Flatbread of western and central India

Bhakri is a round flatbread often eaten in the cuisines of the states of Maharashtra, Gujarat, Rajasthan, and Karnataka in India. Bhakri is prepared using jowar or bajra, which make a coarser bread than does regular wheat chapati flour.
Bhakri can be either soft or hard in texture, unlike khakhra, which is always hard.

==Grains and variants==
Different types of millet are the common grains used for making bhakris. These millet bhakris are popular in the Deccan Plateau regions of India (Maharashtra and Northern Karnataka) as well as the semi-arid regions of Rajasthan. In the coastal Konkan and Goa regions of western India rice flour is used for making bhakri.
1. Jowar bhakri – Jowar bhakris are the most common type of bhakri. The dough is prepared by mixing jowar flour with hot water and then flattened by hand.
2. Bajra bhakri – Bajra bhakris are mainly prepared in winter, especially near the festival of Sankranti. The preparation is similar to jowar bhakris.
3. Makai bhakri – Cornmeal bhakris are commonly prepared during winters. Also known as makai no rotlo in Gujarati and makyachi bhakri in Marathi.
4. Ragi bhakri – Ragi bhakhris, or ragi rottis, are made of red finger millet. They are prepared similarly to other bhakris.
5. Rice bhakri – Rice bhakhris are made of rice flour, prepared similarly to other bhakris.
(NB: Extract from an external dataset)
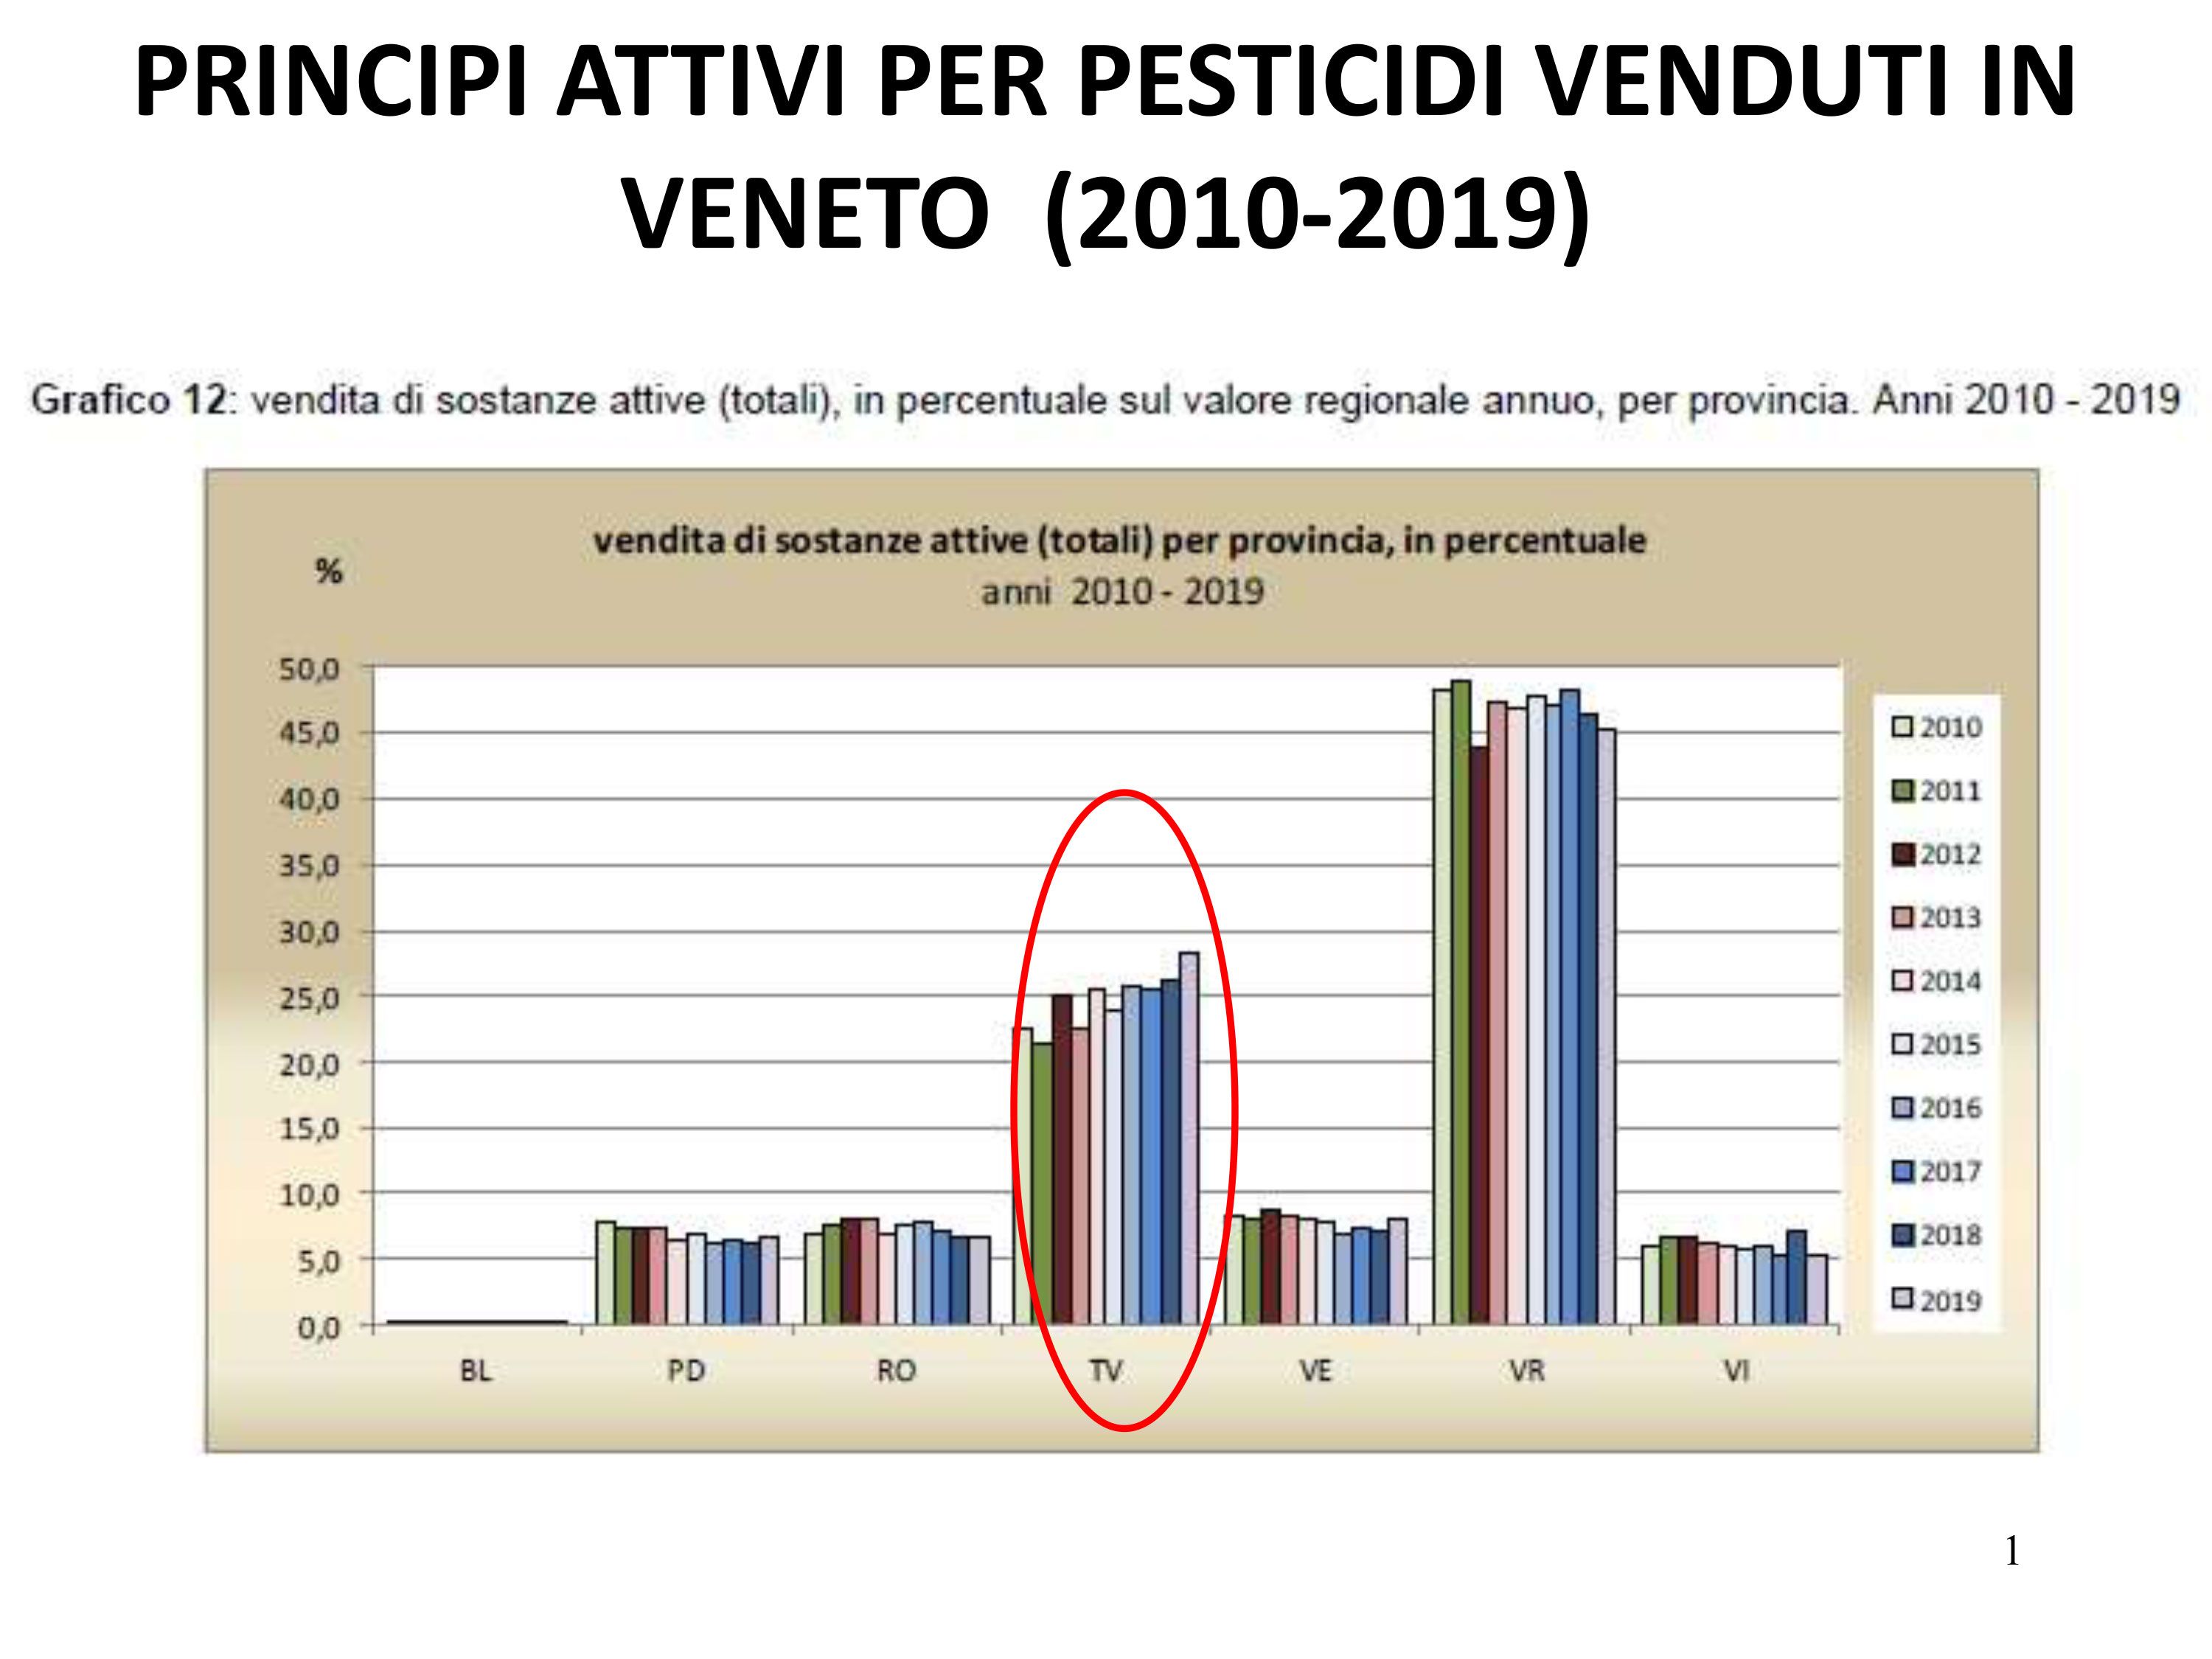 Pesticidi---Veneto-vendita-pesticidi-per-provincia---(Fonte-Rapporto-ARPAV-FAS-2020)

They are common in the Konkan region.
6. Wheat bhakri – Wheat bhakris are like wheat rotis, but bigger in size and depth, with proportionally more oil.
7. Pulse bhakri – Prepared from urad dal or mixed flour of urad and jowar, also known as kalna bhakri. They are common in the Khandesh region.

== Preparation ==
The dough for bhakri is prepared by mixing the flour with a small amount of salt in a bowl and kneading into a smooth stiff dough, using hot water.
The dough is split into little balls. The ball is then flattened using one's palms. There are two ways to make the bhakri. It is either flattened on a surface by pressing with one's palm or it is made thin by holding the ball in both palms which requires a lot of skill. The tava (pan) is heated and the bhakri is cooked by applying a little water to the upper surface and spreading it all over with the help of the cook's fingers. The other side is also cooked on the tava. Once it is prepared, it is roasted in the direct flame on both the sides.
A bhakri can be either soft or hard. The hard bhakri basically has a hard outer layer to add a crunch.

== Serving ==
Bhakri is typically served with yogurt, garlic chutney, pithla, baingan bharta, thecha (chutney made of green chillies and peanuts), preparations of green leafy vegetables and raw onion. In northern parts of Karnataka, it is served with stuffed brinjal curry. In Vidarbha, it is eaten with jhunka, a coarse and thick variant of pithla. It has traditionally been the rural staple which would be carried to the farm at the crack of dawn and make up for both breakfast and lunch. In the fields, bhakri even used to serve as a plate, on which chutney, kharda or thecha was served and eaten together. In Khandesh region, bhakri and shev bhaji (thick savory curry prepared from sev) is a commonly served dish. In the coastal regions like Konkan and Goa, rice flour bhakris are mainly served with fish curry.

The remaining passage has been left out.